Mütter können auf diesem Wege mit ausgebildeten Therapeutinnen oder Sexualpädagoginnen sprechen, die im Umgang mit schwierigen Geburtserlebnissen erfahren sind. Sie hören den Anrufenden zu und unterstützen sie dabei, das Erlebte und ihre Empfindungen zu benennen und einzuordnen. Auf Wunsch bieten die Beraterinnen auch Informationen zu weiteren Unterstützungsmöglichkeiten, zum Beispiel verschiedenen Therapieformen.

Die Hotline ist unter der Telefonnummer 0228 – 92 95 99 70 erreichbar – mittwochs von 12 bis 14 Uhr und donnerstags von 19 bis 21 Uhr.

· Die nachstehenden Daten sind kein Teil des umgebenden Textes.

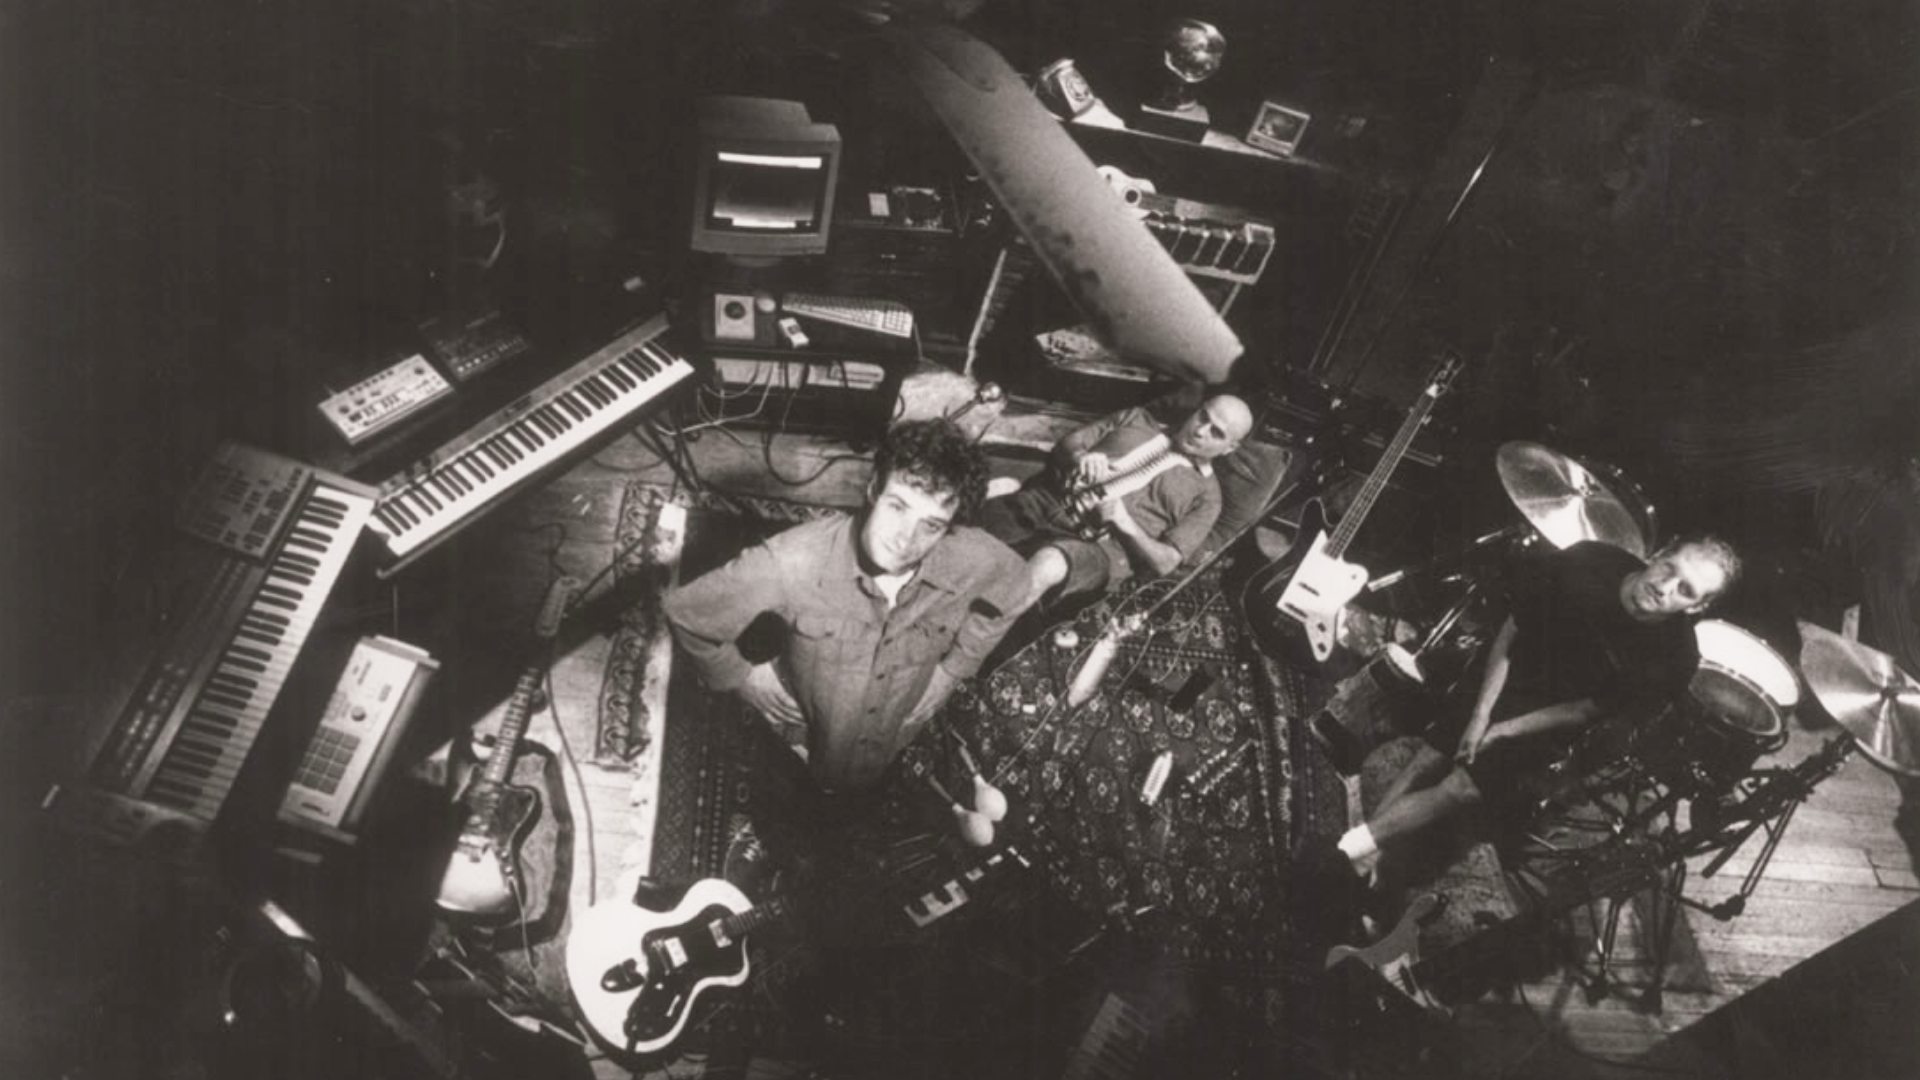 Soda Stereo grabó "Sueño Stereo" entre 1994 y 1995. Buscaban hacer un disco doble, pero no pudieron.
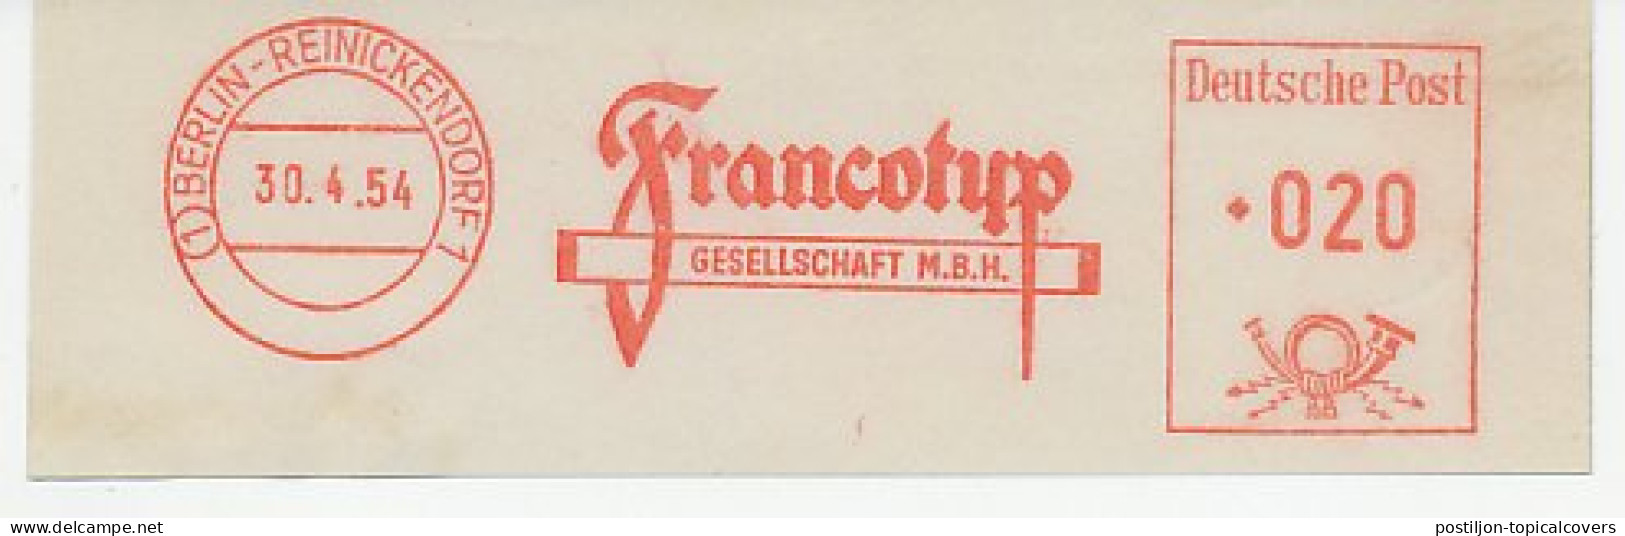 Meter Cut Germany 1954 Francotyp - Automatenmarken [ATM]

Nach Schätzungen der Vereine Mother Hood und ISPPM erleben rund 20 bis 50 Prozent der Frauen die Geburt ihres Kindes als schwierig, belastend oder traumatisch. Auf den Zusammenhang zwischen schwierigen Geburtserfahrungen und Folgen für Mütter, Kinder und Familien haben bereits verschiedene Therapeutinnen und Psychoanalytiker hingewiesen. Mögliche Folgen sind Bindungsstörungen, Angst im Umgang mit dem Kind, Angst vor einer weiteren Schwangerschaft. Auch postpartale Depressionen oder posttraumatische Belastungsstörungen können auftreten.

Über Mother Hood e. V.:
Bei Mother Hood e.V. setzen sich Eltern bundesweit für eine gute Versorgung von Mutter und Kind vor, während und nach der Geburt ein. Durch Kreißsaalschließungen, Personalmangel in Kliniken und Lücken in der Hebammenversorgung ist eine sichere Geburtshilfe nicht mehr überall gegeben. Zu den Hauptforderungen von Mother Hood gehören unter anderem die Eins-zu-Eins-Betreuung durch eine Hebamme und die Wahrung des Rechts auf die freie Wahl des Geburtsortes.

Über ISPPM e.V.:
Die International Society for Pre- and Perinatal Psychology and Medicine, ISPPM, beschäftigt sich mit der frühesten Phase der menschlichen Entwicklung, beginnend vor der Empfängnis bis nach der Geburt. Sie begreift diesen prä- und perinatalen Lebensabschnitt als untrennbar verknüpft mit der Mutter und ihrer Umwelt. In der ISPPM kommen zahlreiche Professionen zusammen, um auf der Grundlage authentischer wissenschaftlicher Methoden die Bedeutung der prä- und perinatalen Erfahrungswelt zu ergründen und dieses Wissen in die Praxisfelder rund um Schwangerschaft, Geburt und Therapie umzusetzen sowie gesellschaftspolitisch Einfluss zu nehmen.